Medicine developed for Chinese Army to fight sleep
By Yoon Ye-seul
The People’s Liberation Army of China has developed a drug to keep soldiers awake and alert for four consecutive days.
The drug, called “Night Eagle,” allows soldiers to stay awake and remain strong, reported Hong Kong media Sunday, quoting the China Central Television (CCTV), the major state broadcaster in the country.
The Academy of Military Medical Sciences unveiled the blue-colored pill as one of 600 scientific achievements, in an exhibition marking the 60th anniversary of the organization.
“Our troops will be able to stay awake for a long time while being able to maintain cognitive abilities when they are deployed in search and rescue operations after earthquakes, floods and other disasters, and on some special military missions,” said Wang Lin, one of the researchers who works at the academy.

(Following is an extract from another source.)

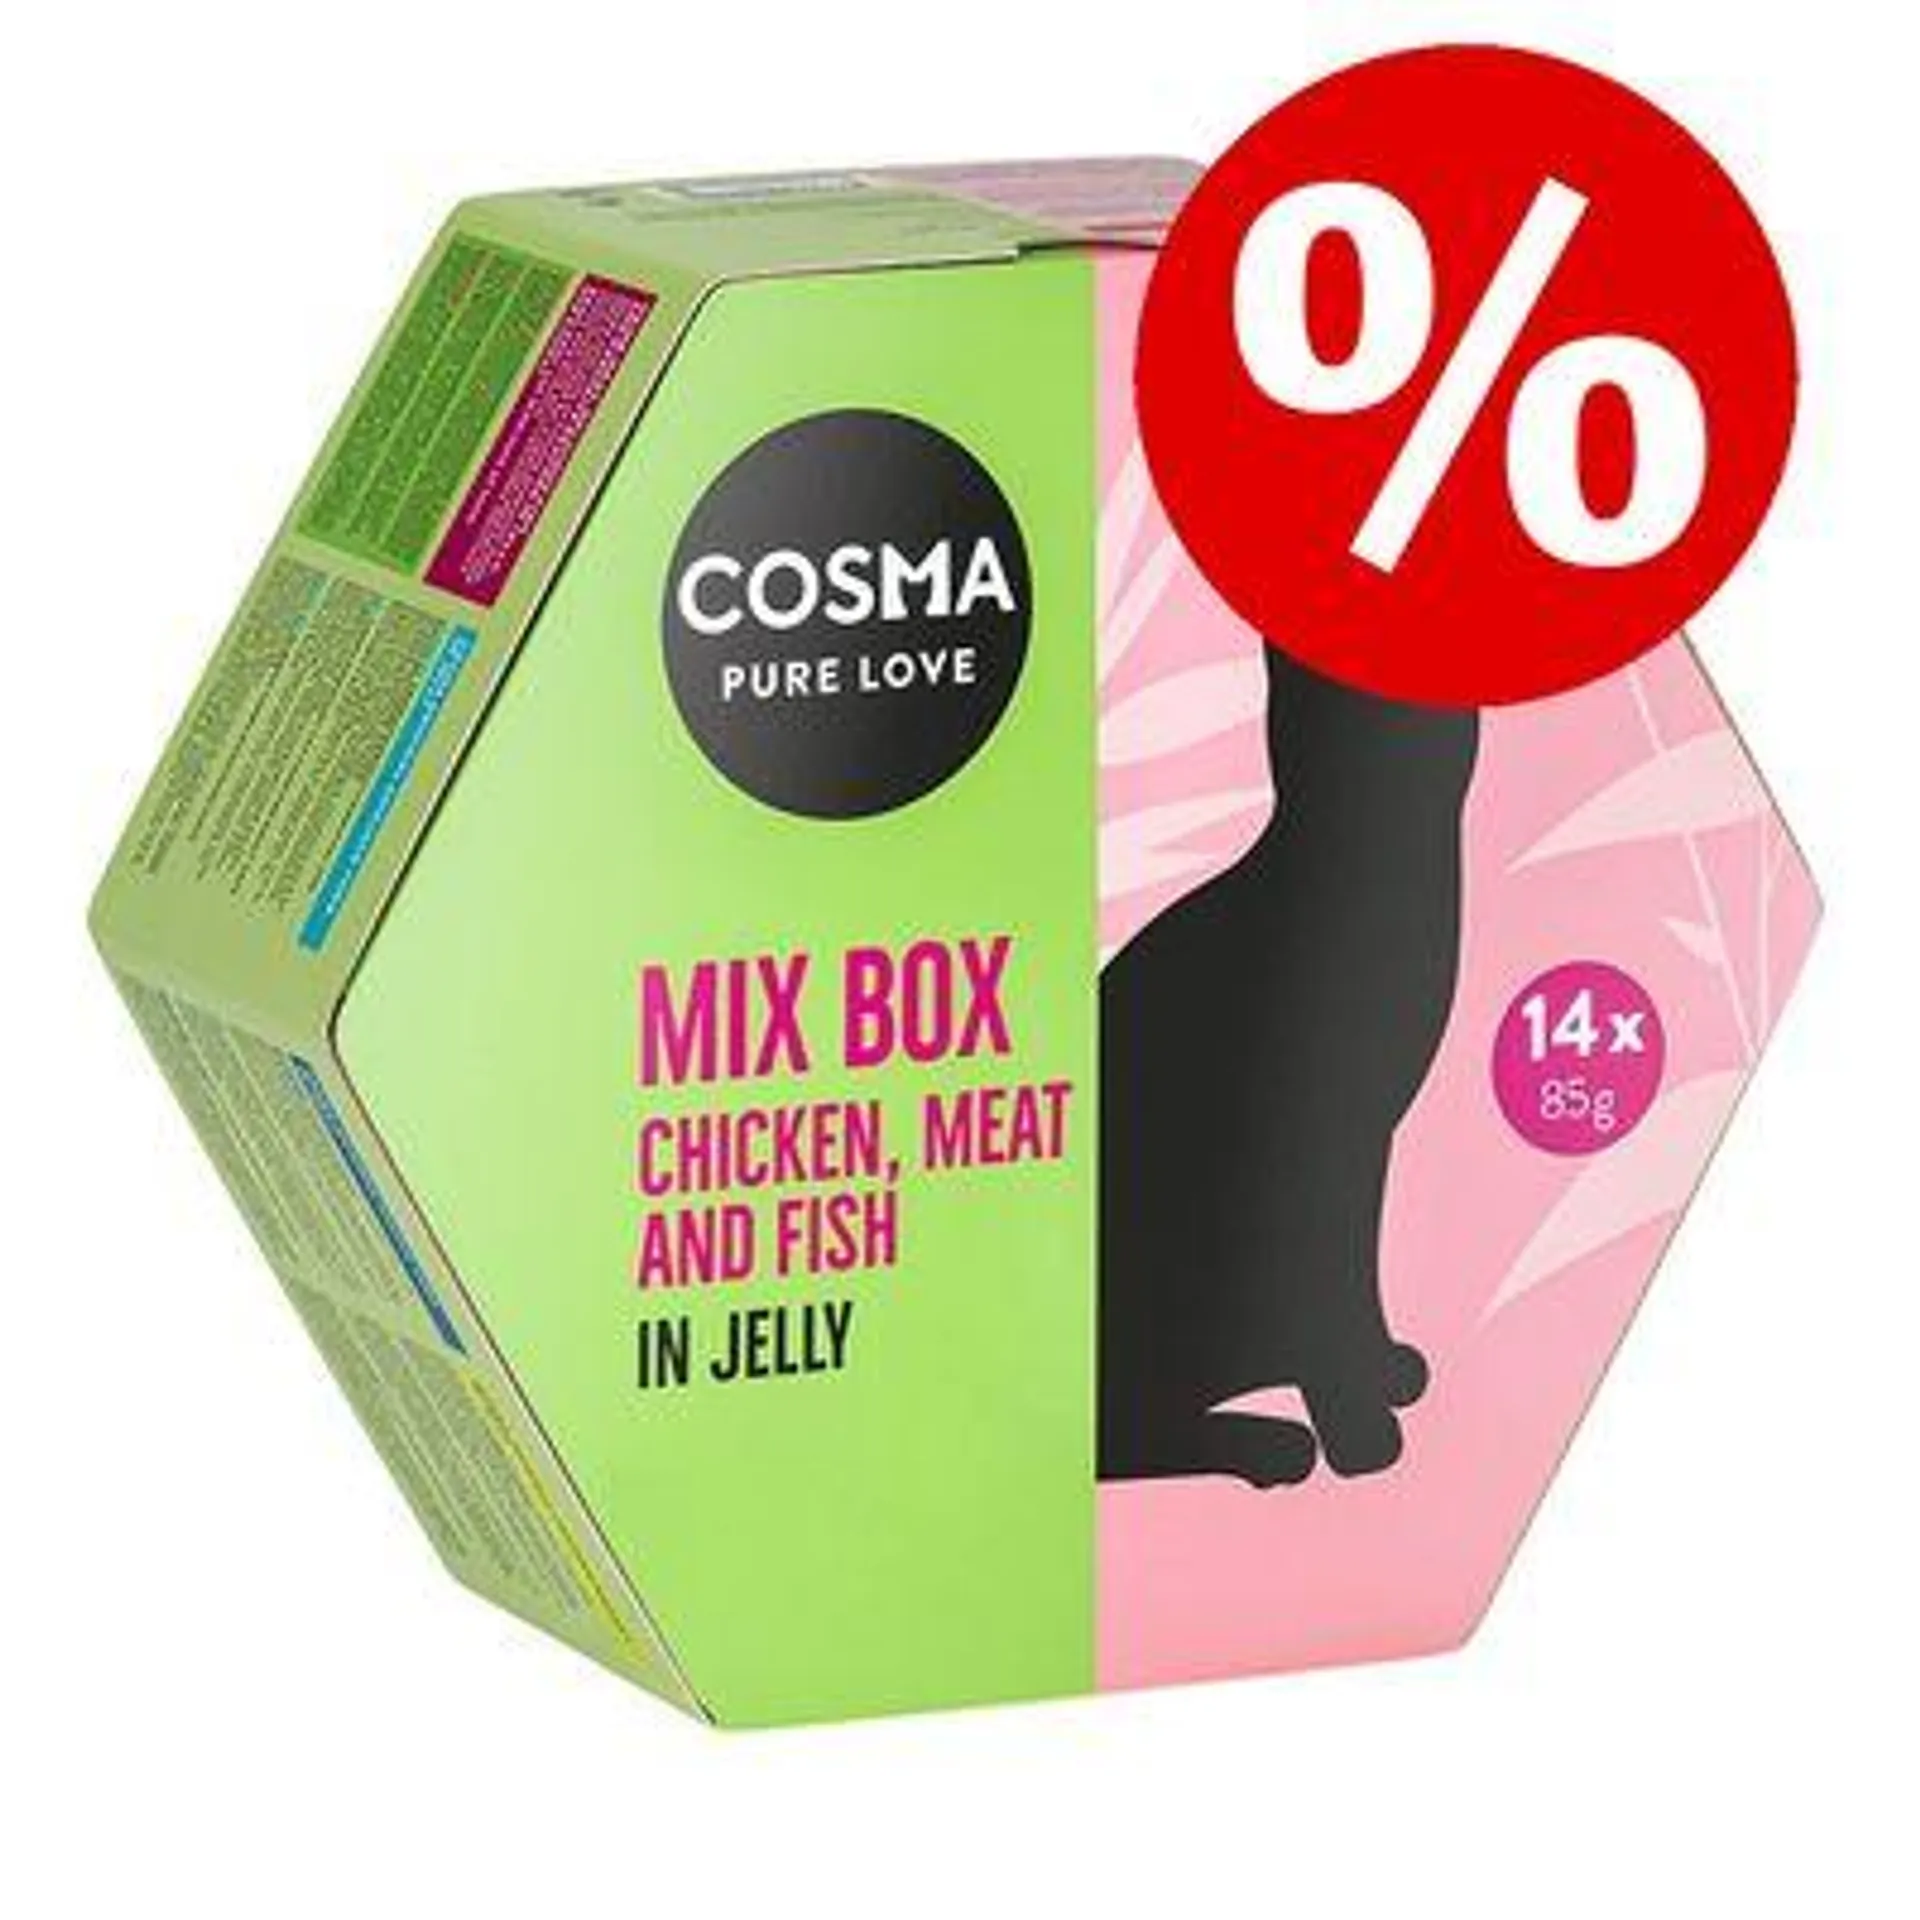 14 x 85g Cosma Mix Box Wet Cat Food - Special Price!*

As some experts expected, the research agency has not revealed the ingredients or possible side effects of the drug as well as how it works. However, they have said it probably works in the same way as other stimulants developed in the West.
“Although I have no information about the newly invented drug, it is not at all surprising to see efforts to control sleep and develop anti-sleep technology because of the apparent practical use in combat situations," said Prof. Ni Lexiong, a Shanghai-based military expert in an interview with the South China Morning Post of Hong Kong. “The Night Eagle would appear similar to sleep-suppressants widely used by the armed forces of other countries.”
One popular military stimulant in the West is modafinil, which was originally developed to treat narcolepsy but is now used by the U.S., French, British and Indian armed forces as an alternative to amphetamines, as well as by students to fight fatigue.
Modafinil has been also popular for people who want to chemically turn off sleep with fewer side effects.
Experts also said anti-sleep drugs would be becoming more important hi-tech aids and the U.S. military reportedly developed a formula that keeps soldiers awake for seven straight days in the early 2000s.